## Data section
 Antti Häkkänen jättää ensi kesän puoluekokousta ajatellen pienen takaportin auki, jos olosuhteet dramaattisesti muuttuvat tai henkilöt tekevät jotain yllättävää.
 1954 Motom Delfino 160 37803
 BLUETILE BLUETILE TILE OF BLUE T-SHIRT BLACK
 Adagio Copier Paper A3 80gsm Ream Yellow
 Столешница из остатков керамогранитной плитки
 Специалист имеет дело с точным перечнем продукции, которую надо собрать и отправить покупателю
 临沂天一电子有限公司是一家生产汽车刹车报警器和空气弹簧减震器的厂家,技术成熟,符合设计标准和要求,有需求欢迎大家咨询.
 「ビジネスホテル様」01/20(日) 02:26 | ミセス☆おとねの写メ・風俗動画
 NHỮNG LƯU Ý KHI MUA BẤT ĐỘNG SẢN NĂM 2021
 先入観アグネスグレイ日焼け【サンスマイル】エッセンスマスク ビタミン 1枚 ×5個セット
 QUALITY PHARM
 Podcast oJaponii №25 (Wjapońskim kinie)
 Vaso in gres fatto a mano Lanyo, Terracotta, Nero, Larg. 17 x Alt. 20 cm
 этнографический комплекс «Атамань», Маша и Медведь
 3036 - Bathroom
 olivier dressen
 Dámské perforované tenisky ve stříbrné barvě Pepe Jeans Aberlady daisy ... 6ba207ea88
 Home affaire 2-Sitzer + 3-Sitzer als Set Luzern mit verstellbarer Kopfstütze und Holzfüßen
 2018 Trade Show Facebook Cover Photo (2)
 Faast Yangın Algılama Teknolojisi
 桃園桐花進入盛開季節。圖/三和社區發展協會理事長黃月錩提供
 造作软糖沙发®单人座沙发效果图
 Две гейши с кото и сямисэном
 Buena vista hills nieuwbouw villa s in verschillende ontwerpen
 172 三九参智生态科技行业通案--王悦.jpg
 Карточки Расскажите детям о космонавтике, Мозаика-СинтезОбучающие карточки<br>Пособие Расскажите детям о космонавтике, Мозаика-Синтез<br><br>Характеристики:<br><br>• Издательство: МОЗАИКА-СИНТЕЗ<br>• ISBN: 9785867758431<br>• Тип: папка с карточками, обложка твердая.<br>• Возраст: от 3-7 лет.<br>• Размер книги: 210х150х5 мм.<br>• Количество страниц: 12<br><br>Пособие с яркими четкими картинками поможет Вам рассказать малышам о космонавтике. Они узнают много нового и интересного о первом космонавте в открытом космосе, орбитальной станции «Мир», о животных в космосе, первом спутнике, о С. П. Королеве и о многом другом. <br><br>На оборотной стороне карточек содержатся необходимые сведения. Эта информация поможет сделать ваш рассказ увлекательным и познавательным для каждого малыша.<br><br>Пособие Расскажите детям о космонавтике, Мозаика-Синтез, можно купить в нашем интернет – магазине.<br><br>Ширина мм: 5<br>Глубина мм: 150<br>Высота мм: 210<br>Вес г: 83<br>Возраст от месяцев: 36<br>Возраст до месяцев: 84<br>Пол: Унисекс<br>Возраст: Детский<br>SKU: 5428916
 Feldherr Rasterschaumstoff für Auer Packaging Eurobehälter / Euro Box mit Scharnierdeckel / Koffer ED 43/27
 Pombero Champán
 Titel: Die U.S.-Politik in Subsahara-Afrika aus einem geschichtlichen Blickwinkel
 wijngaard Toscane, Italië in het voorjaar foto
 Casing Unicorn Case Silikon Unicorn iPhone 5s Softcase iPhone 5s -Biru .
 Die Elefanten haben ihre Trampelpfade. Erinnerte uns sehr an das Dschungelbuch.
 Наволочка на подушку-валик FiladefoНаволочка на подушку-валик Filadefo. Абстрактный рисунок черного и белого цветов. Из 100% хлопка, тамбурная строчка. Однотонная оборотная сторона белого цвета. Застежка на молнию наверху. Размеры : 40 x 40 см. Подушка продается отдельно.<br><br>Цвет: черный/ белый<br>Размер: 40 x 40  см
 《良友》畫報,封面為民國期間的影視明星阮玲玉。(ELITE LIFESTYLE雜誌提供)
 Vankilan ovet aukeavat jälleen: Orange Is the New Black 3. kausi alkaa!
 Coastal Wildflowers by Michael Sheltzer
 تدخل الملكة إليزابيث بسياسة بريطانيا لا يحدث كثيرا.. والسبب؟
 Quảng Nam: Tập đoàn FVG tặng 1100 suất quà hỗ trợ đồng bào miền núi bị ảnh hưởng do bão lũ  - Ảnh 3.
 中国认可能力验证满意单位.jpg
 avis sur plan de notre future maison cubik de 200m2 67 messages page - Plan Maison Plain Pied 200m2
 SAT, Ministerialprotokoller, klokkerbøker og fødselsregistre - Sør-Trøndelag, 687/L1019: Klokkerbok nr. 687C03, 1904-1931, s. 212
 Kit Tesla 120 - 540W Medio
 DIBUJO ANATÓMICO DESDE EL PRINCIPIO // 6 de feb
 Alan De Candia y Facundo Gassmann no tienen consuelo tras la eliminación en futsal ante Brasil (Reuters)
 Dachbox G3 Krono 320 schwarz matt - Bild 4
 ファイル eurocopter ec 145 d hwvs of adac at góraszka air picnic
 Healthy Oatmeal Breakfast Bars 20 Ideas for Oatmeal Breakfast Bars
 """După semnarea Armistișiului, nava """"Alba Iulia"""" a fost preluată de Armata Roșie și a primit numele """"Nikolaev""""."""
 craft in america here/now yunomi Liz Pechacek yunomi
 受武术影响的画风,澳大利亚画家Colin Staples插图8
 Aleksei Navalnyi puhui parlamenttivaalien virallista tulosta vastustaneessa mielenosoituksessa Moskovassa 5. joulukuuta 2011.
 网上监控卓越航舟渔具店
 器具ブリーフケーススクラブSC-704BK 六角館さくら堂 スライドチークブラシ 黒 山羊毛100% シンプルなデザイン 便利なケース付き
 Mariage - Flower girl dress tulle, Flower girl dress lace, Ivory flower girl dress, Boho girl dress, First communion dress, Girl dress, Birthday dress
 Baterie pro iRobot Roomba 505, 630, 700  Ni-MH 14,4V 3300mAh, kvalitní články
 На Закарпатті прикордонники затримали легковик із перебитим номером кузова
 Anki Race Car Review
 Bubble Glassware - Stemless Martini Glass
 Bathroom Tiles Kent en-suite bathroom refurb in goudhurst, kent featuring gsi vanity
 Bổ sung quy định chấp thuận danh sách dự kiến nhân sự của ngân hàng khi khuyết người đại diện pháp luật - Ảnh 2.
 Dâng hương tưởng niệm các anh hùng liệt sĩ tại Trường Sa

## Task details
Please transcribe exactly the lines above from the line that has "3036 - Bathroom" up to and including the line that has "172 三九参智生态科技行业通案--王悦.jpg"; no other line belongs in the answer.

## Solution for this exercise
 3036 - Bathroom
 olivier dressen
 Dámské perforované tenisky ve stříbrné barvě Pepe Jeans Aberlady daisy ... 6ba207ea88
 Home affaire 2-Sitzer + 3-Sitzer als Set Luzern mit verstellbarer Kopfstütze und Holzfüßen
 2018 Trade Show Facebook Cover Photo (2)
 Faast Yangın Algılama Teknolojisi
 桃園桐花進入盛開季節。圖/三和社區發展協會理事長黃月錩提供
 造作软糖沙发®单人座沙发效果图
 Две гейши с кото и сямисэном
 Buena vista hills nieuwbouw villa s in verschillende ontwerpen
 172 三九参智生态科技行业通案--王悦.jpg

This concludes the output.